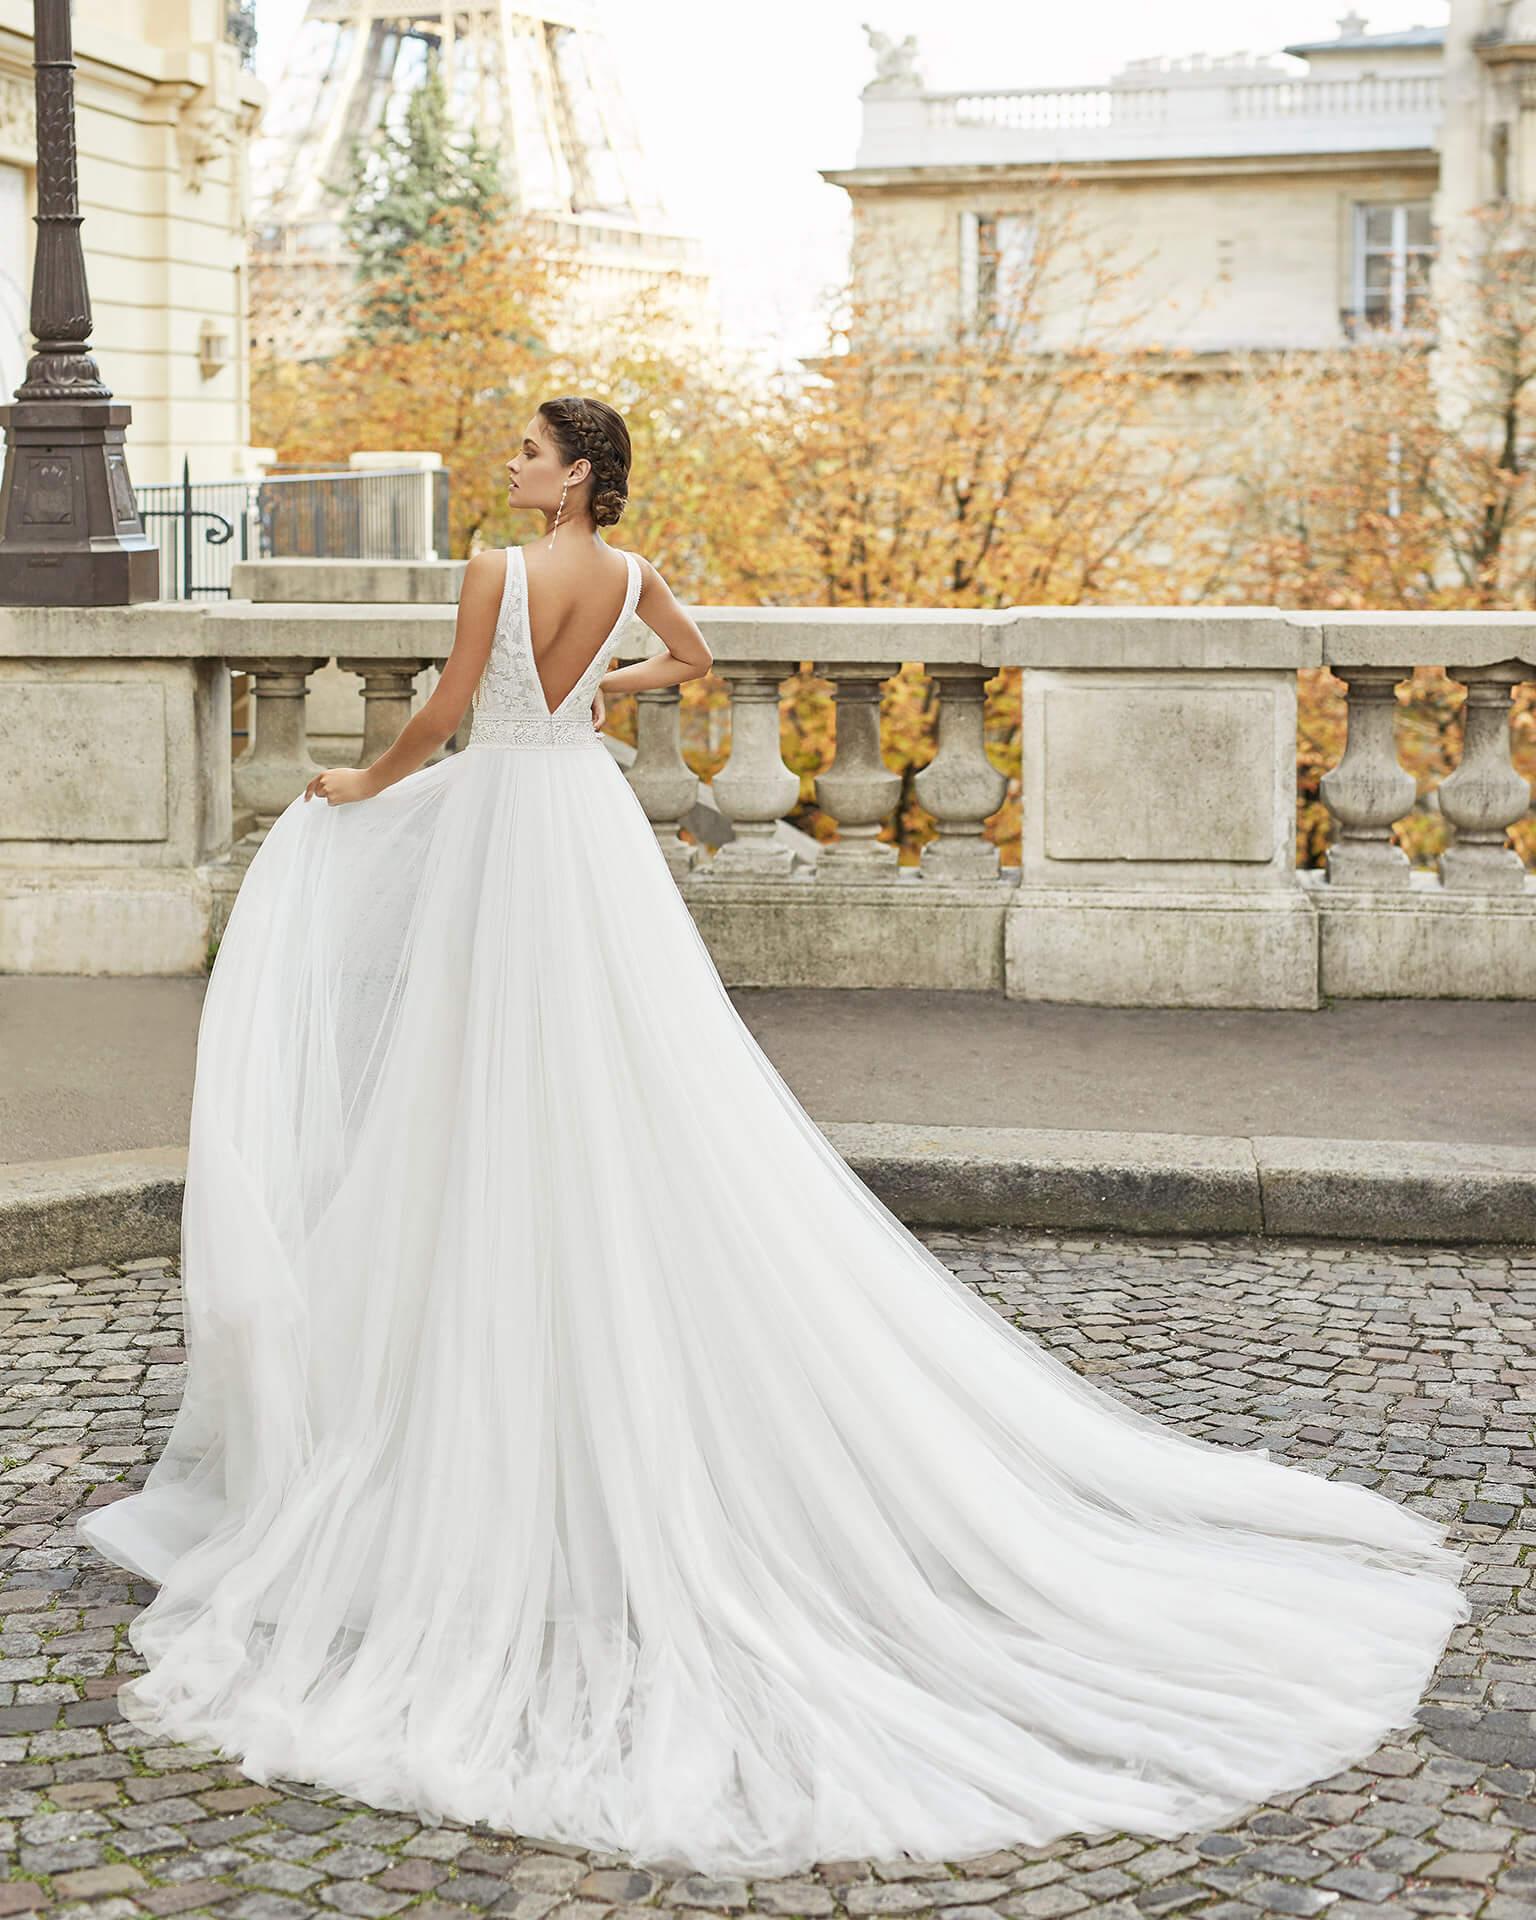 Braut in Brautkleid A-Linie Satin mit Träger ärmellos angewinkelter Arm Rückenansicht auf einer Brücke
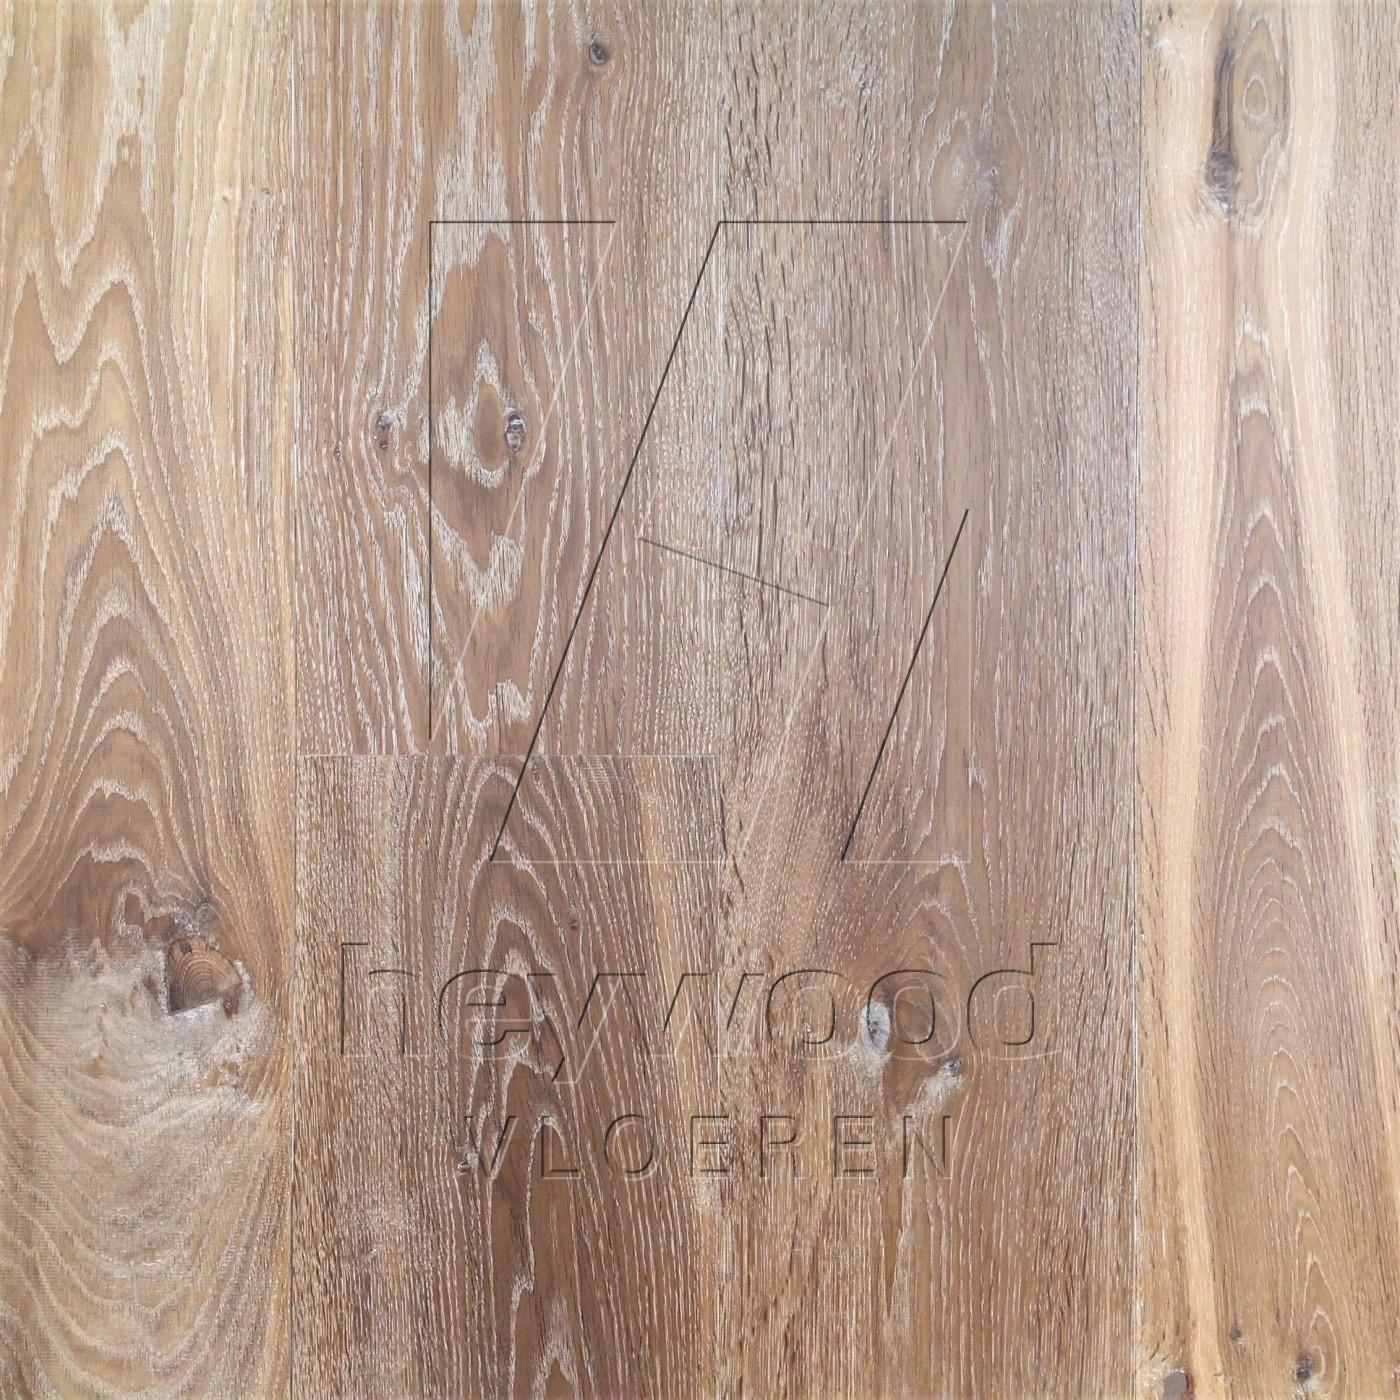 CPlank Kaprun in European Oak Character of Bespoke Wooden Floors
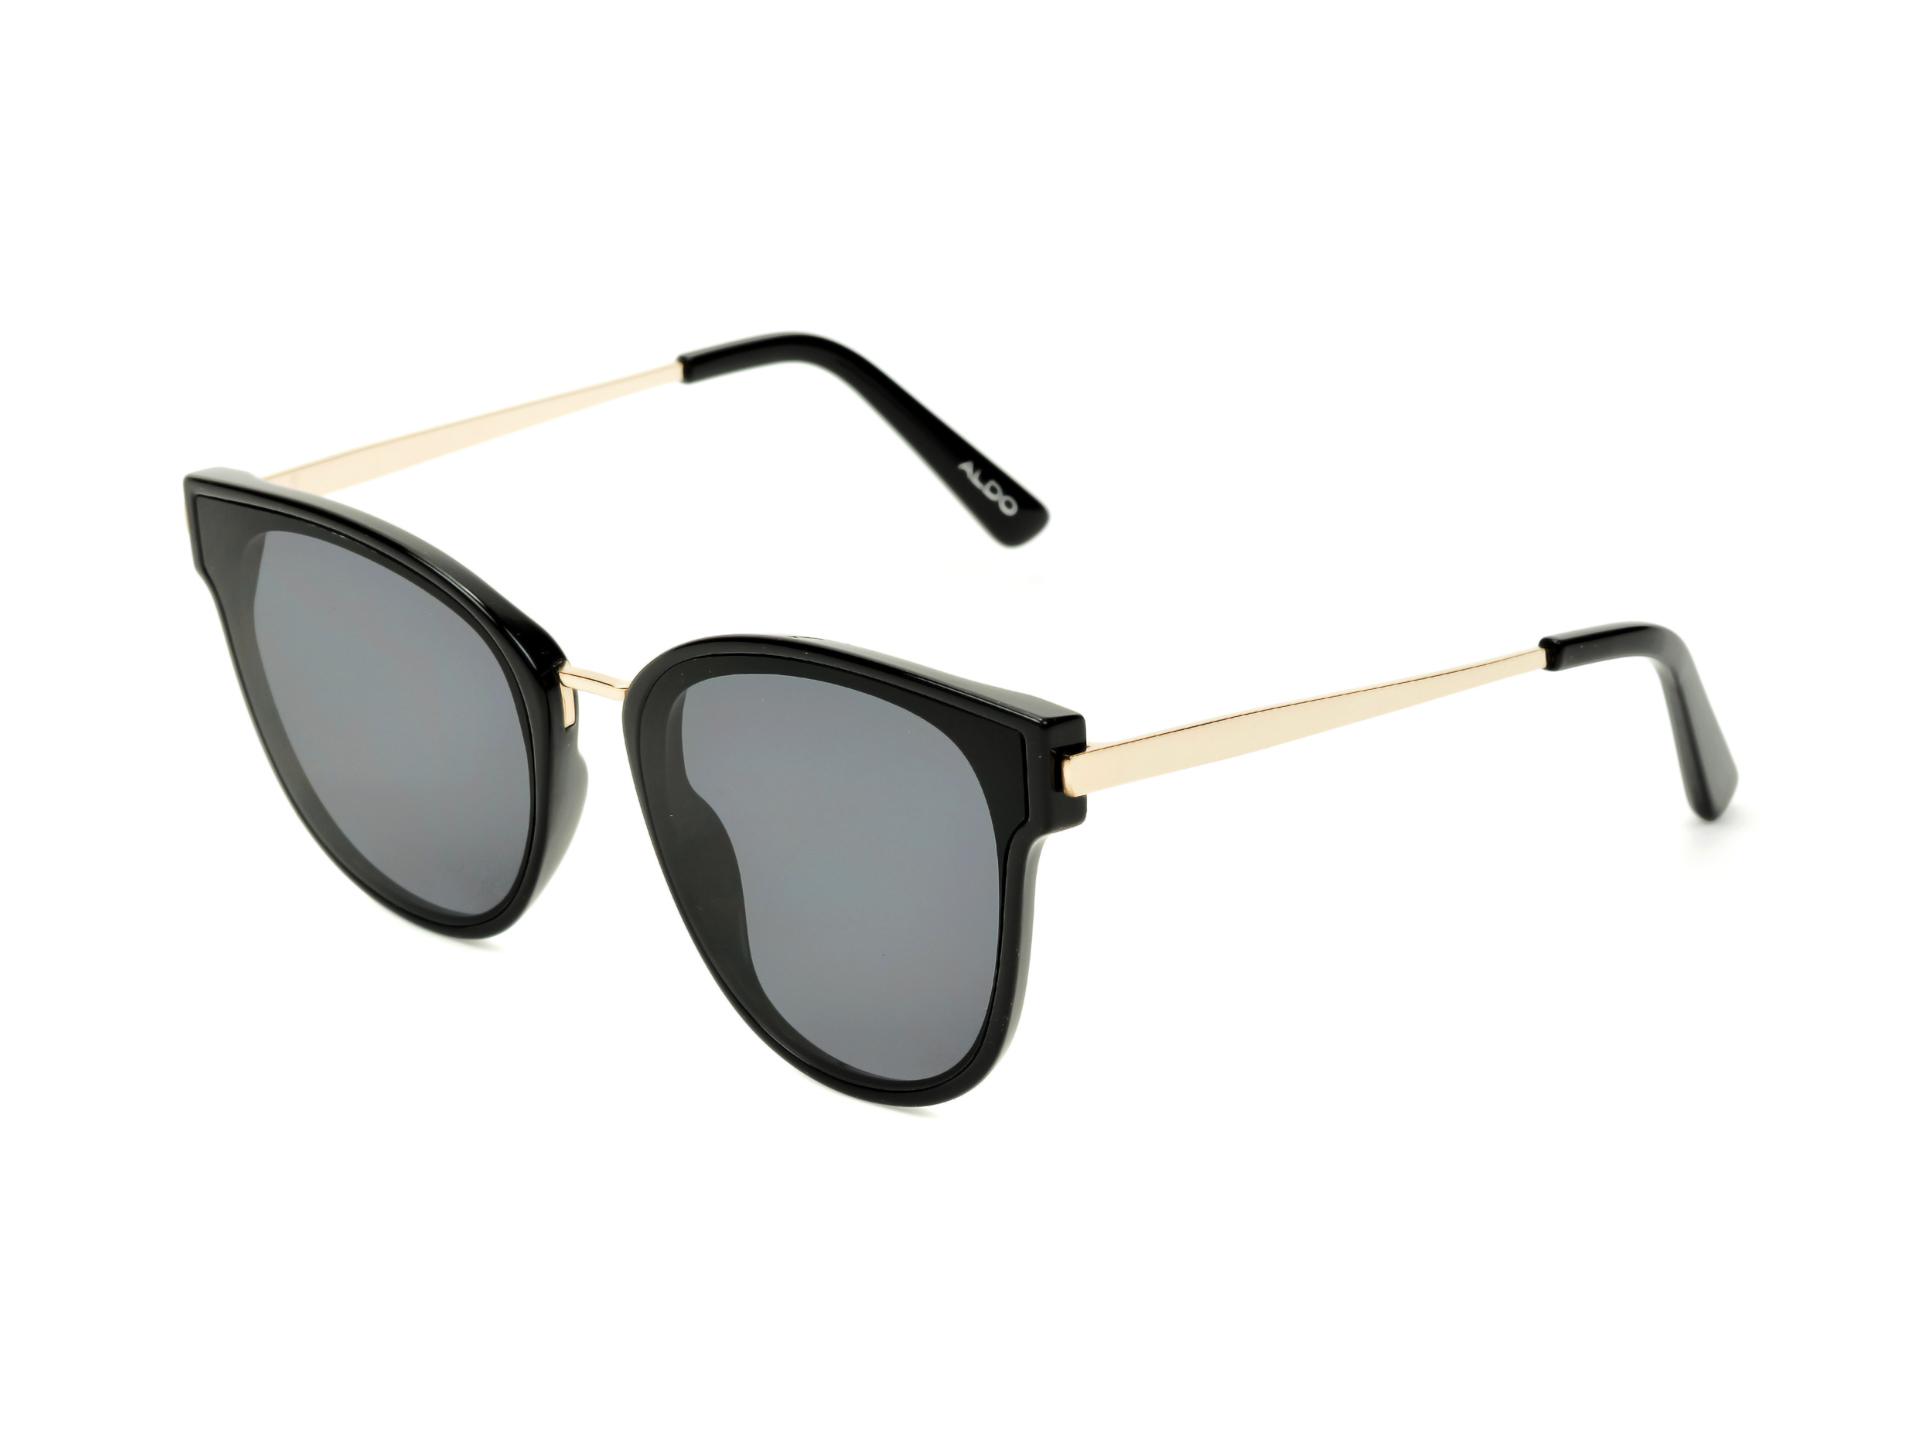 Ochelari de soare ALDO negri, Calmettes970, din PVC imagine
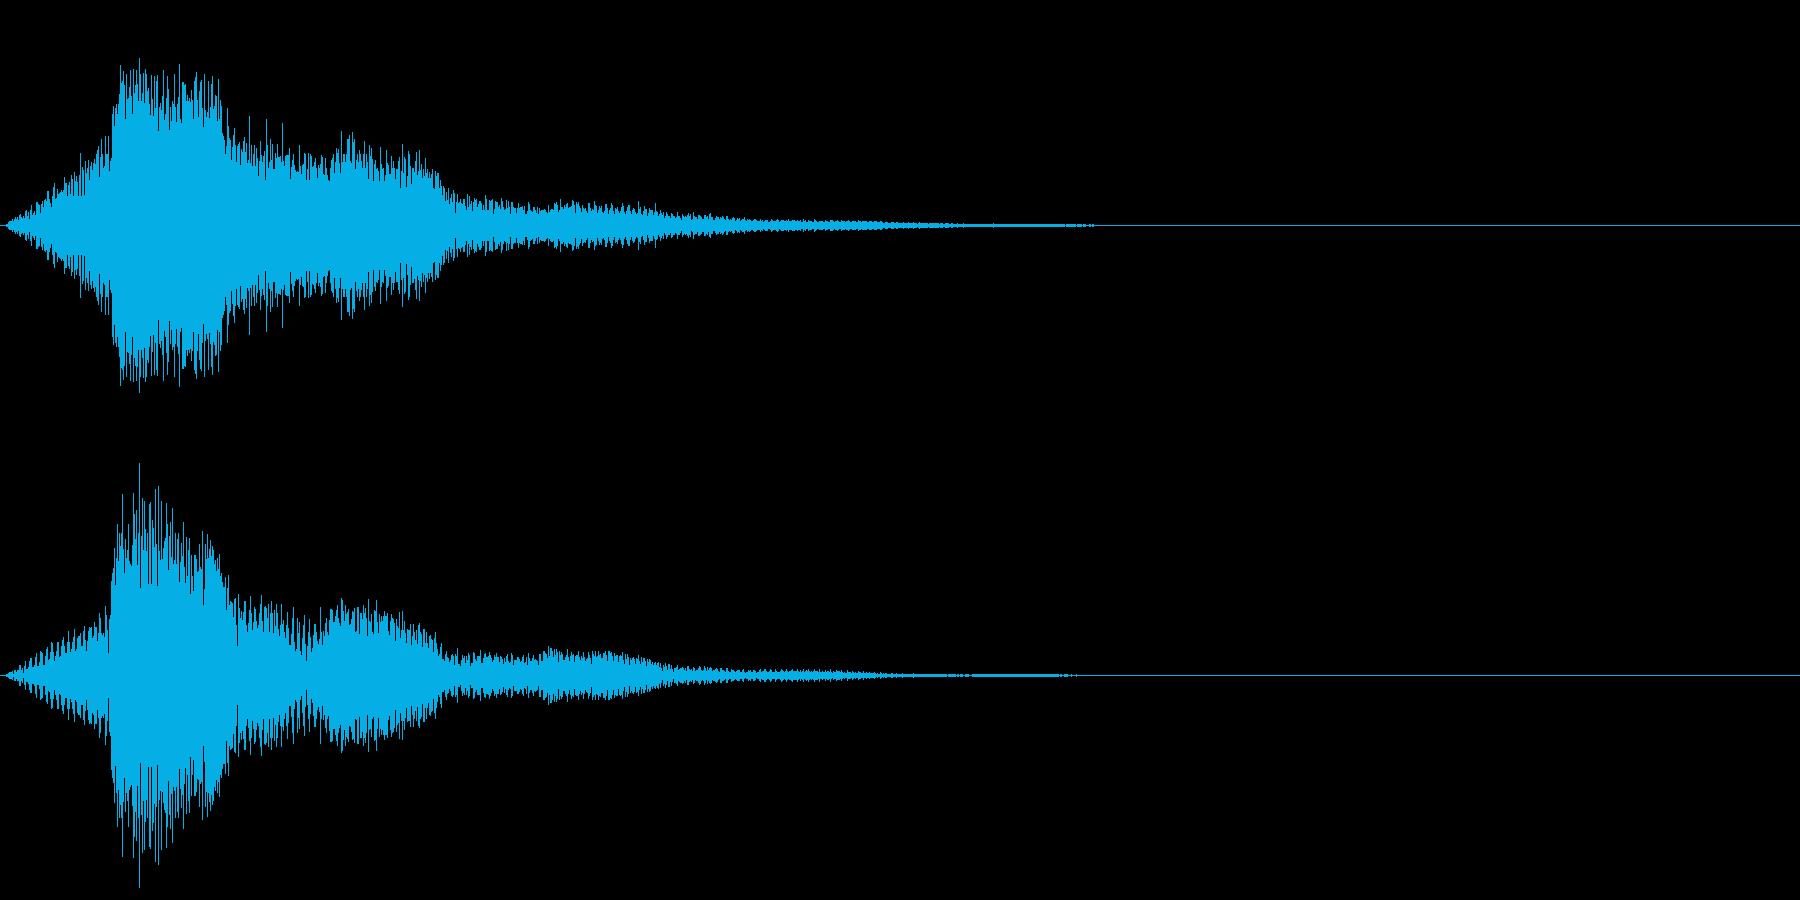 フワープァンプァン…(トピック、テーマ)の再生済みの波形

* _PROBLEM_
None of the pictures belong in the copy; transcribe the rest of the data exactly.

* _THE COMPLETED TASK_
 Braut in Brautkleid A-Linie Satin mit Träger ärmellos angewinkelter Arm Rückenansicht auf einer Brücke
 CPlank Kaprun in European Oak Character of Bespoke Wooden Floors
 Ochelari de soare ALDO negri, Calmettes970, din PVC imagine
 フワープァンプァン…(トピック、テーマ)の再生済みの波形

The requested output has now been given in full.